ARCADIA, Calif. (Reuters) - The Santa Anita Park’s top veterinarian said drug reforms instituted at the race track have made it the safest in the country even though 36 horse fatalities have occurred at the venue this year.
The high number of deaths at the famed Southern California track, which will host the Breeders’ Cup on Friday and Saturday, since the season began in last December, prompted public backlash and government investigations.
Racing at the track was canceled for more than three weeks in March and the track’s owners responded by banning the use of drugs that can mask existing injuries in horses on race days, which can lead to breakdowns.
There was also talk of moving the Breeders’ Cup to another venue but Dionne Benson, chief veterinary officer for track owners The Stronach Group, said there was no safer place to hold it.
“If you are looking at the United States, there are no stricter set of medication regulations than we have here,” Benson told Reuters at the track on Wednesday.
“These horses and this track are probably examined more than any in the country so I am comfortable that we have done quite a bit and that the horses are safer here,” she said.
Benson, who took the position in May, said the track will have a record number of vets on hand for the Breeders’ Cup and that all of the race horses will undergo vigorous evaluations before they are given the green light to compete.

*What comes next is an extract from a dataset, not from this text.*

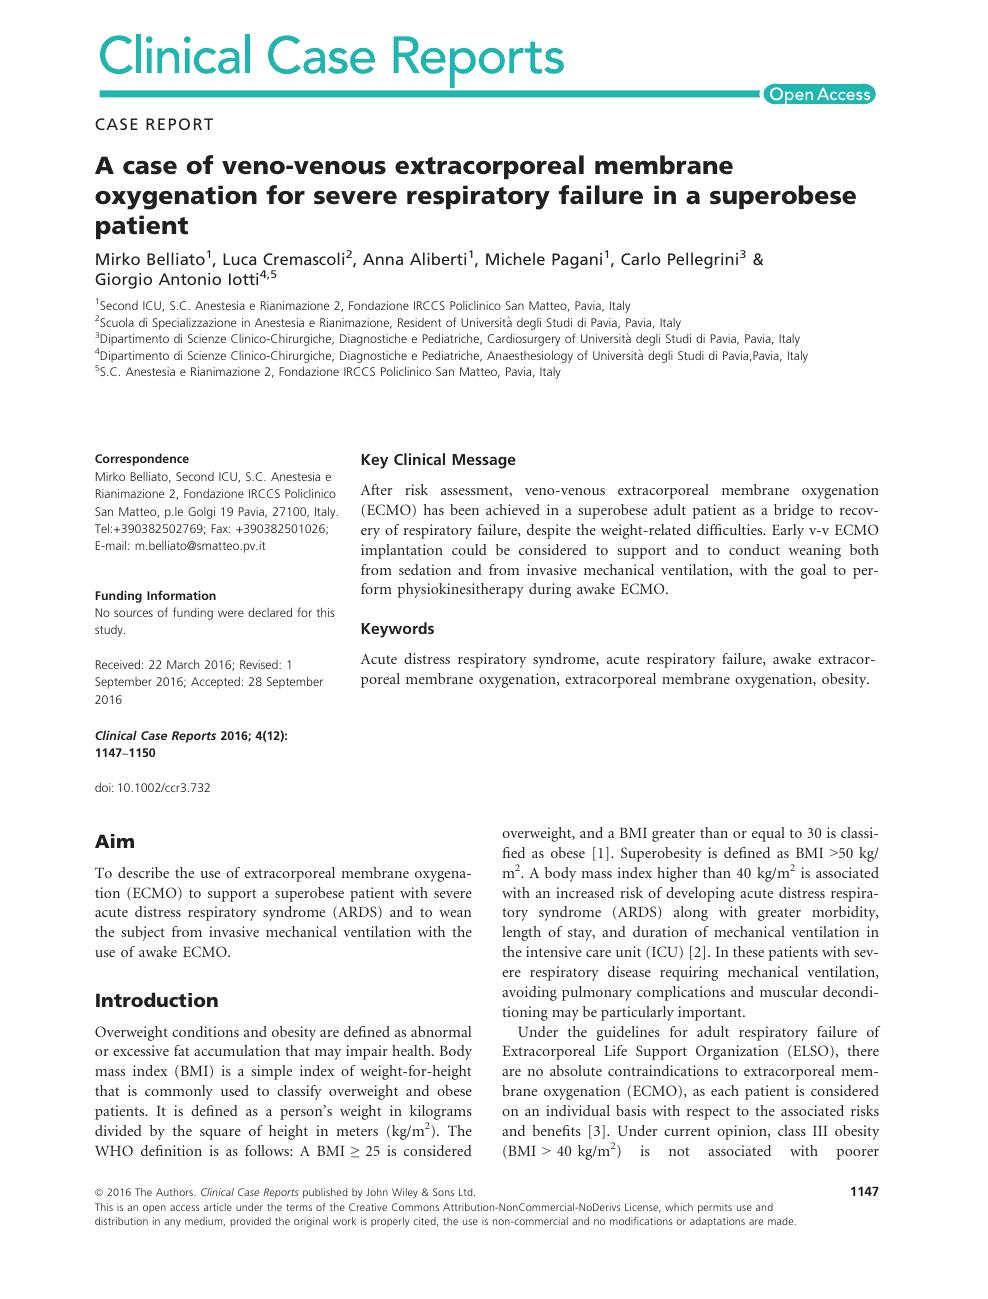 A case of veno-venous extracorporeal membrane oxygenation

Due to investigations by the Los Angeles County district attorney and the California Horse Racing Board, necropsy reports for the fallen horses have not been released to the public, making it difficult to pinpoint the exact causes.
Benson said Santa Anita introduced changes which are already producing results.
“A lot of what we’ve done has been based on what we think will help. Things like changing the medication and taking more control over training,” she said.
“We didn’t have the luxury of waiting to figure out if there was a single thing we could do that will improve it. We had to start making improvements and we have definitely improved.”
Since the new rules were implemented in March, fatality rates in racing at the track are down over 50% and more than 70% in training, she said.
Despite the progress, two horses, a mare named G Q Covergirl and a filly named Bye Bye Beautiful, perished at the track on Friday and Sunday, respectively.
“As a general rule we are down overall but that doesn’t mean that those two horses didn’t matter,” she said.
“They certainly mattered to us. I know our vets lost sleep over them.
“That’s one of the parts of the job. You wonder if there is something you could have done better or could have done differently.
“If you take any snapshot in time you can make something look bad, we have to see what happens over the long run and over the long run in these six months, we’ve seen a difference.”